Dans le recueil Poesia in forma de rosa (1964), on rencontre un néologisme qui fait sauter les barrières géographiques, historiques et sociologiques qui différencient les divers mondes auroraux de l’œuvre pasolinien pour les faire coexister dans une même entité conceptuelle, aussi fantasmatique que suggestive. Il s’agit du mot subtopia. Il figure pour la première fois dans la section L’alba meridionale :

- Bari Vecchia, un alto villaggio

Sul mare malato di troppa pace –

Un bianco che è privilegio e marchio

Di umili – eccoli, che, come miseri arabi,

abitanti di antiche ardenti Subtopie,

empiono fondachi di figli, vicoli di nipoti,

interni di stracci, porte di calce viva

pertugi di tende di merletto, lastricati

d’acqua odorosa di pesce e piscio [...] (Pasolini, 2003, 1236)

Dans ce paysage des Pouilles, rayonnant de blanc, apparaissent ses habitants qui se déversent dans les ruelles aux odeurs « di pesce e piscio ». L’ambiguïté de la poésie nous empêche de savoir si le vers où figure le néologisme se réfère aux « miseri arabi » ou aux habitants de cette ville blanche de lumière. Peu importe, car les « miseri arabi » sont comparés aux humbles habitants des Pouilles. Le rapprochement des ces deux termes les fait sortir de leurs barrières référentielles en créant ce nouvel espace de sens dont se fait porteur le mot « subtopie » : terre de l’imaginaire, royaume des Arabes, des Italiens du Sud, de tous les mondes pauvres qui leur ressemblent. La deuxième et dernière occurrence précise davantage ce néologisme :  

[…] Se l’uomo fosse un Monotipo della Subtopia

Di un mondo senza più capitali linguistiche,

e disparisse quindi la parola da ogni sua via

dell’udire e del dire, lo stringerebbero mistici

legami ancora alle cose […] (Pasolini, 2003, 1250)

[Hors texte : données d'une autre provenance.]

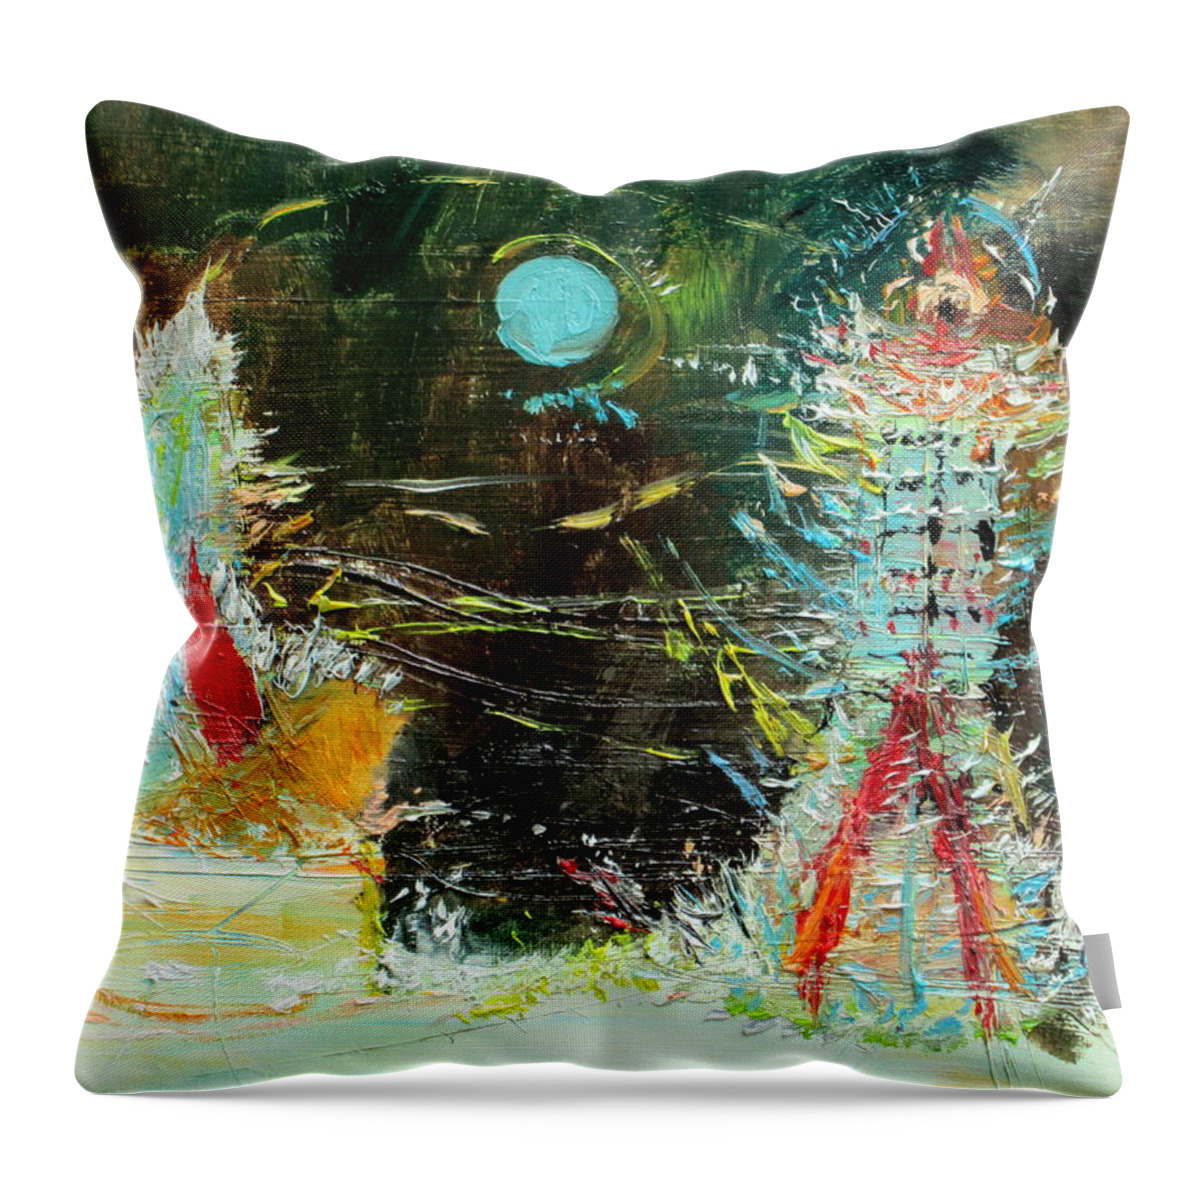 Interplay Throw Pillow featuring the painting Interplay by Fabrizio Cassetta

Dans ces vers, le poète fait l’hypothèse d’une humanité pré-linguistique où les langues qui ordonnent et hiérarchisent le flux de la vie n’auraient pas encore été découvertes ou elles auraient été oubliées. Aucune « capitale linguistique » ‒ métaphore de tout centre de pouvoir ‒ n’imposerait son hégémonie. Dans la subtopie on parle la langue des « choses ». L’être qui habite le monde de ce rêve poétique prend le nom de Monotype, un seul type d’hommes, qui fait cesser les différences entre individus, caractérisés désormais par  le simple fait d’habiter la subtopie. Ce néologisme institue alors une continuité transnationale et transrégionale fantasmatique entre communauté humaines différentes qui ont en commun, comme semble l’indiquer le préfixe « sub » (ce qui est « en dessous », inférieur), leur appartenance à une réalité sous-jacente à l’évolution linéaire bourgeoise qui, comme un fleuve souterrain, coule en dessous du devenir historique en se renouvelant tout en restant toujours identique à soi-même.

L’utopie de la subtopie

Dans l’horizon esthétique et politique de Pasolini, l’humanité de la subtopie est l’unique sujet révolutionnaire. Le calligramme en forme de croix Profezia (Pasolini, 1998, 859-864) est peut-être le plus beau texte qui exprime son marxisme hybride et hétérodoxe. Non seulement ces vers sont une véritable ode à la subtopie, mais cette classe en marge de l’histoire, méprisée par Karl Marx lui-même, qui n’attribuait aucun potentiel révolutionnaire au Lumpenproletariat (« le prolétariat des haillons »), est imaginée comme la seule capable de renverser le cours de l’Histoire bourgeoise. Dans les derniers vers du poème, sous les ordres d’Ali aux yeux bleus, un énigmatique chef barbare venant d’Alger ‒ figure au sein de laquelle cohabitent le martyre du Christ, la révolution socialiste, une certaine perspective tiers-mondiste ‒, une horde d’hommes du Sud du monde débarque en Europe et, dans une sorte de nouvelle fin de l’Empire, détruit Rome pour ensuite y semer « il germe della Storia Antica » et poursuivre « verso nord-ovest, con le bandiere rosse di Trotzky al vento » (Pasolini, 1998, 864).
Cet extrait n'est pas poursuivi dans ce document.